Sunday, August 31, 2008

From the Karoo to Land’s End

- André Jaquet -

If you have the good fortune to have lived in our lovely community for some years, you will instinctively know that the photograph of a heavily-laden motorcycle on this page must have something to do with Lindsay Steyn and wonder: “What has he been up to this time?” The answer: Lindsay and Jannie le Roux, a wine farmer and motorcycle enthusiast from Paarl, have just completed a 22 000 km overland trip on motorcycles from Prince Albert to Europe through 17 African countries and lived to tell the tale.

From Prince Albert their epic journey included Namibia, Angola, Democratic Republic of Congo, Congo, Gabon, Cameroon, Nigeria, Benin, Togo, Ghana, Burkina Faso, Mali, Senegal, Mauritania, Western Sahara, and Morocco. They transferred to Spain, drove through Portugal and France to catch a ferry to Tilbury in the UK. Then, just for the fun of it, they did a trip from John O’ Groats to Land’s End!

Can this greying, middle-aged man who is chatting and drinking tea with me on the lovely stoep of his Dennehof guest house really have done this? When I express my surprise to Ria, Lindsay’s wife, she adds laconically that it is actually his second trip because her mad husband had done the East coast trip through Africa and wanted to see what the West coast would be like. She had advised him to go ahead when he first raised the idea because if he had wanted to do so since his childhood, he would regret getting older not having lived his dream.

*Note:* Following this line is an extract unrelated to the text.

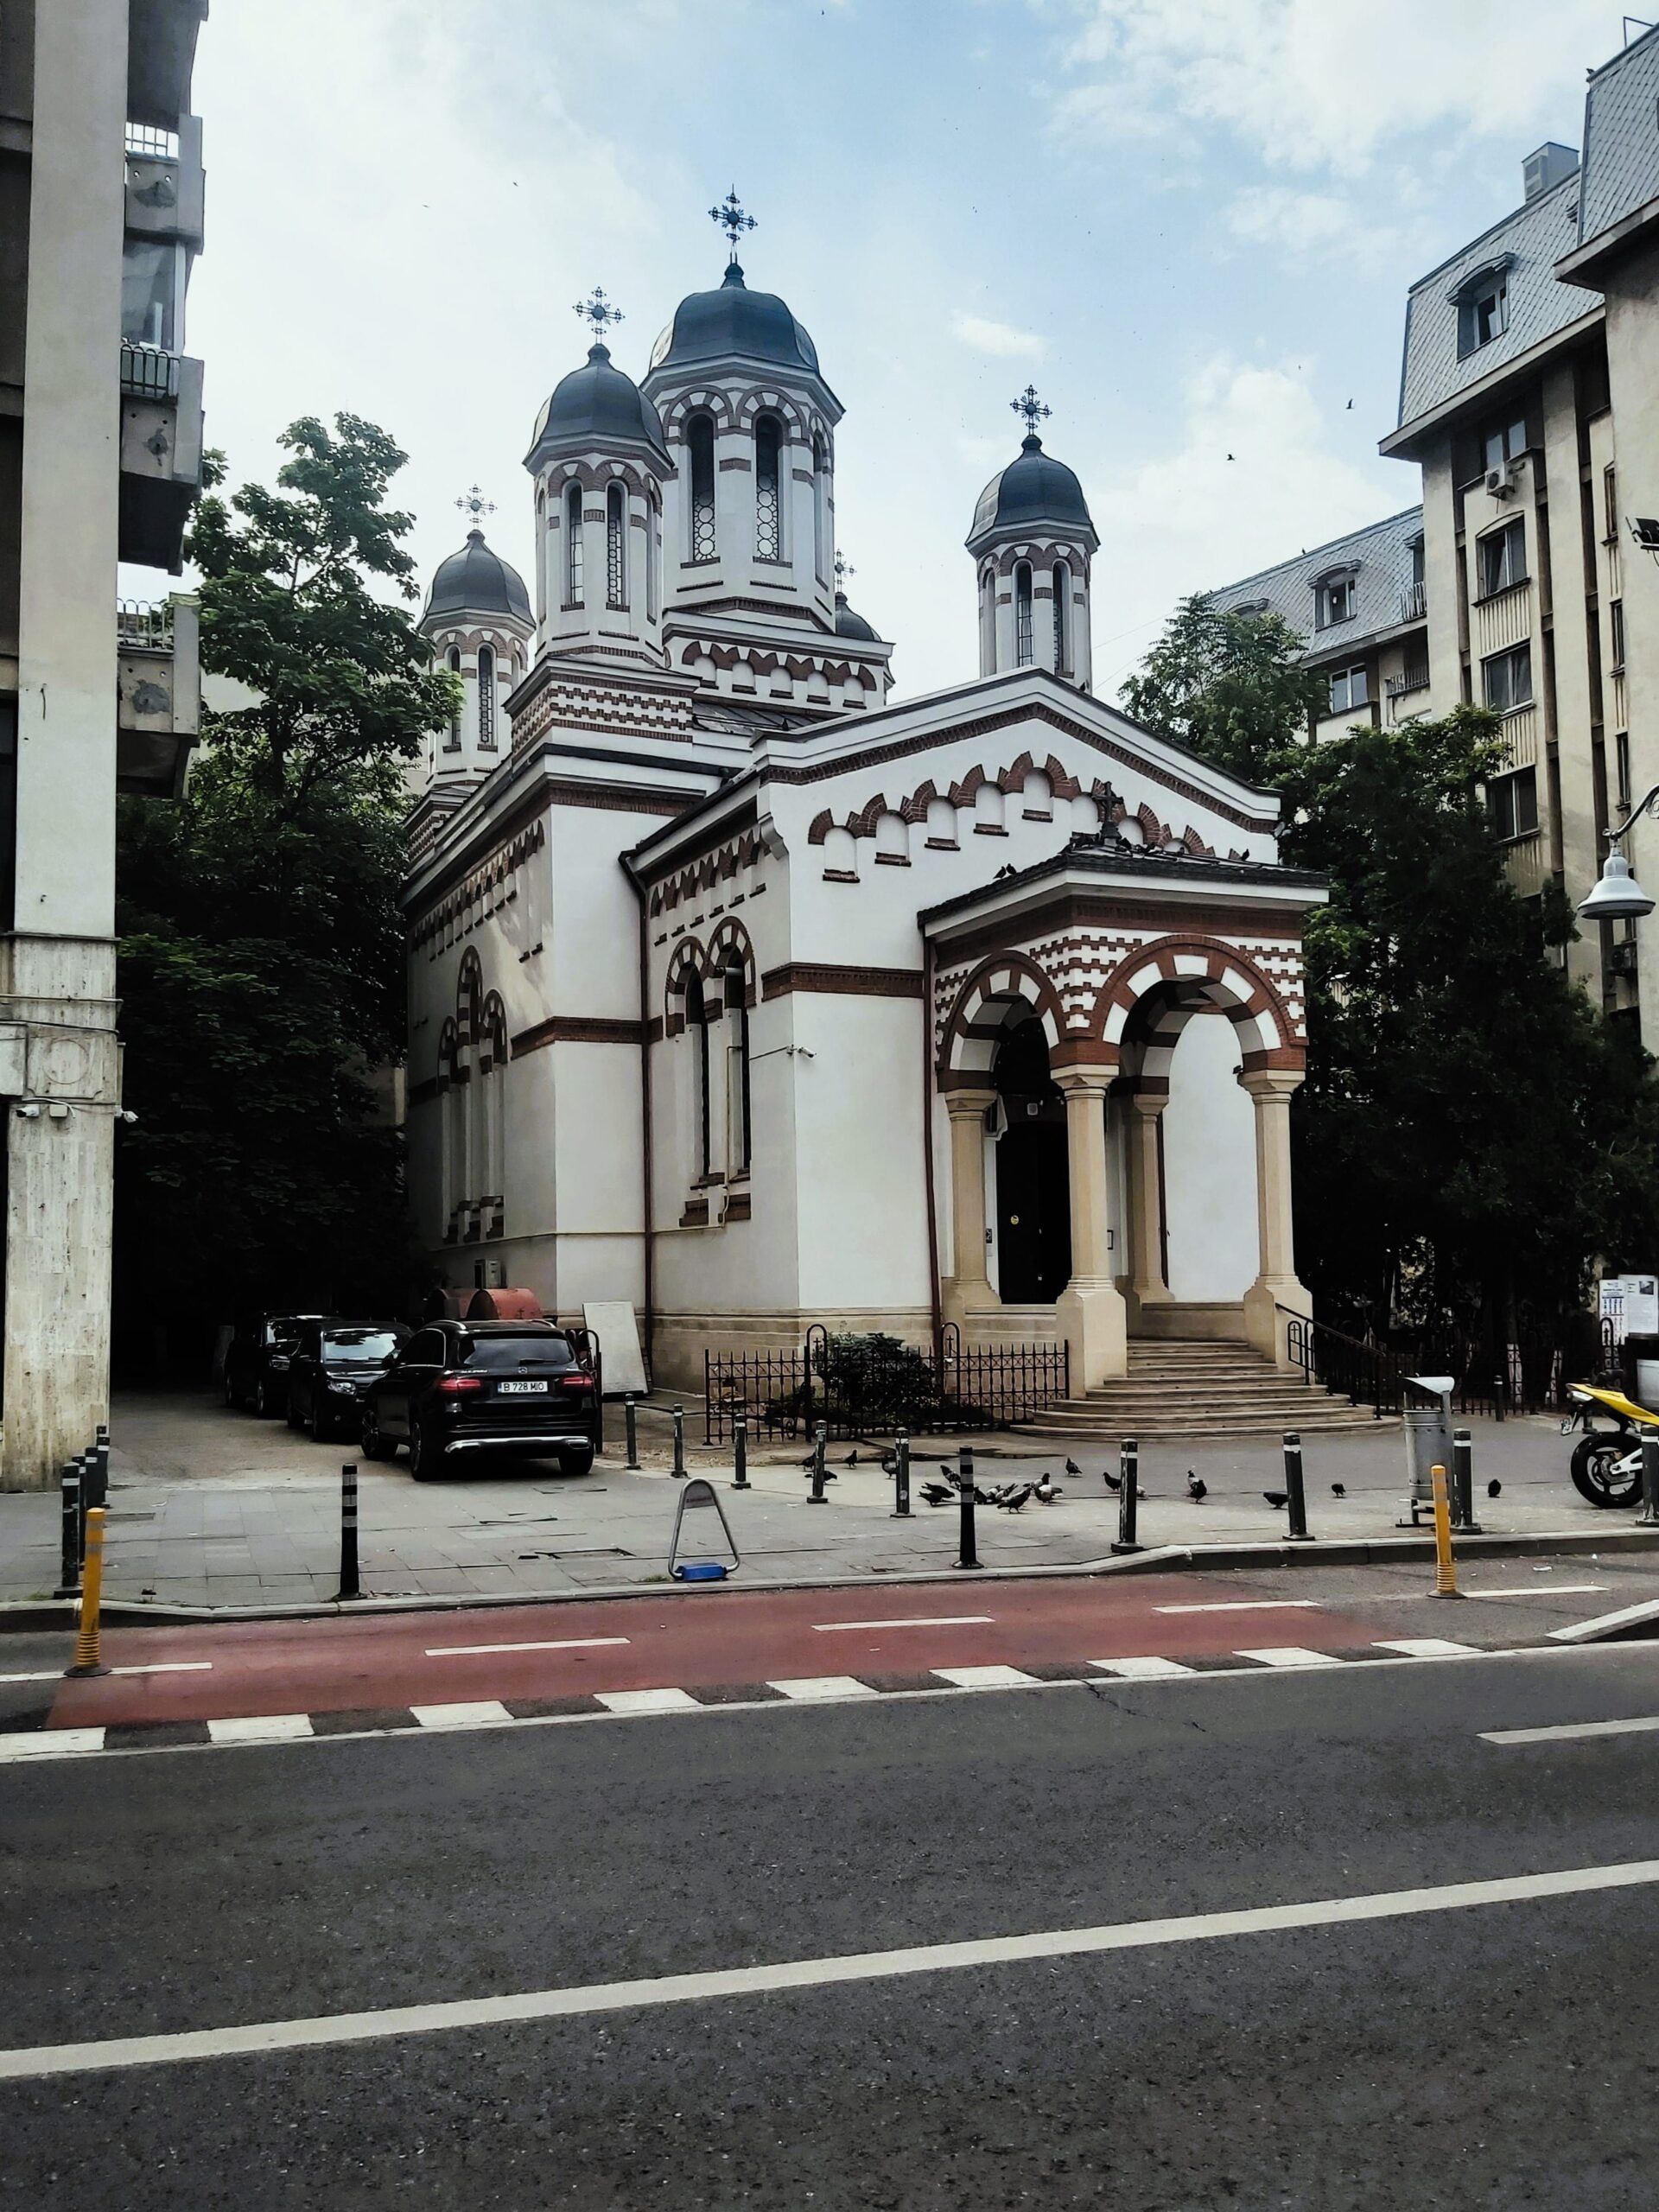 A small white and brown church in București, Romania

During our short conversation Lindsay confirmed the hackneyed phrase that Africa is a continent of contrasts. For instance, one of the hazards they faced were mud holes so deep that they almost engulfed both motorcycles and riders. Then there were sectors which involved driving hundreds of kilometres in a day, without seeing any signs of human habitation or even vegetation. They also encountered sandstorms in the Sahara with the winds sandblasting the paint off their bikes. A most testing time was driving for hours on end, leaning over to one side to counter strong winds from the left or the right. At the same time, Lindsay was overwhelmed by the kindness and generosity he and Jannie encountered from ordinary folk wherever they went. On hearing they were South African, “Nelson Mandela!” and “Bafana Bafana!” was the common vocabulary!

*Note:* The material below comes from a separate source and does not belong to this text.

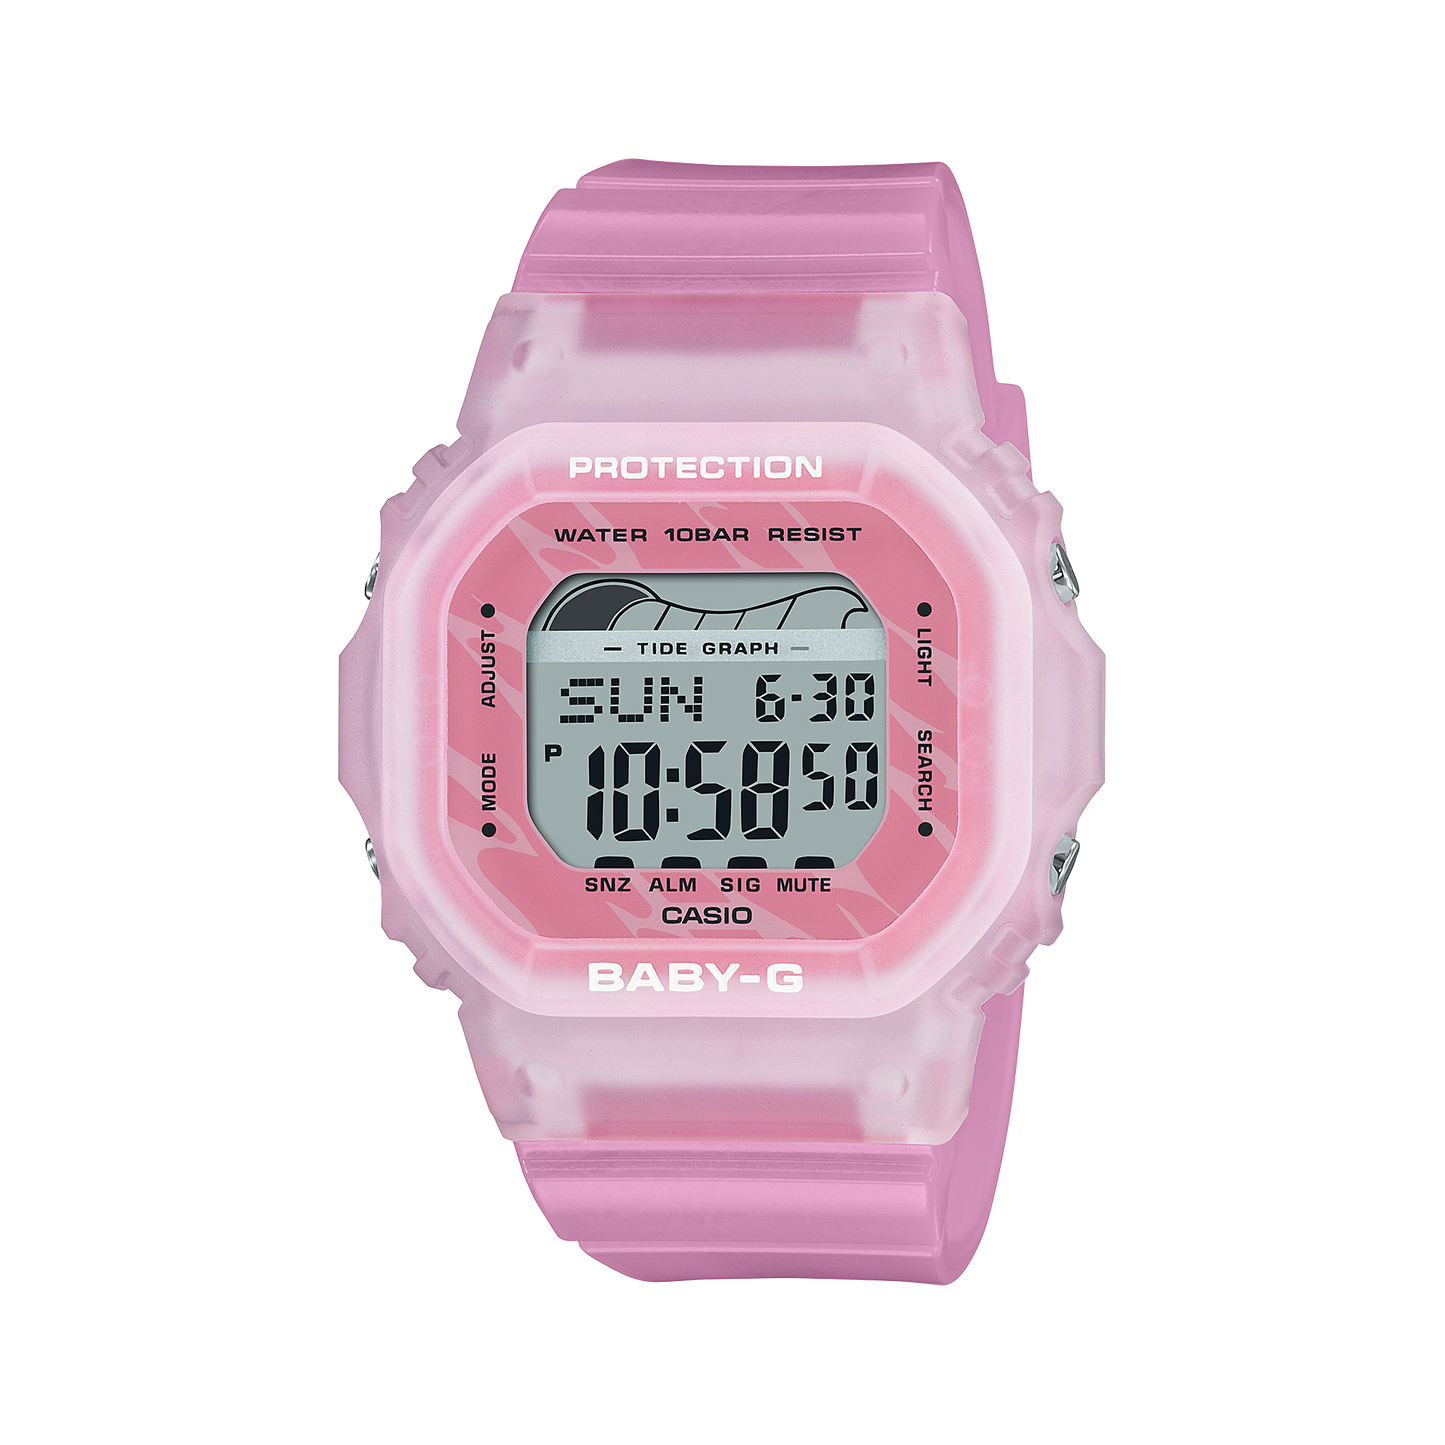 Casio Baby-G BLX-565S-4DR Digital Ladies Watch, Pink

I wondered aloud what advice he would give those who might want to follow in his tracks. Lindsay thought for a while and said that the secret of success was meticulous planning of every aspect of the trip. This included consulting anyone who had done similar journeys, luggage, visas, knowledge of Africa, superior fitness and the ability to adapt to the new and unexpected. And that was just for a start, before deciding to prepare seriously!

Lindsay is busy piecing together the diary he kept daily during the trip in order to write a book about the adventure. He has a small problem in that his diary did not take kindly to being totally immersed in one of the mud holes! Congratulations on your successful trip, Lindsay and Jannie. Please let us all know about the next adventure you are planning.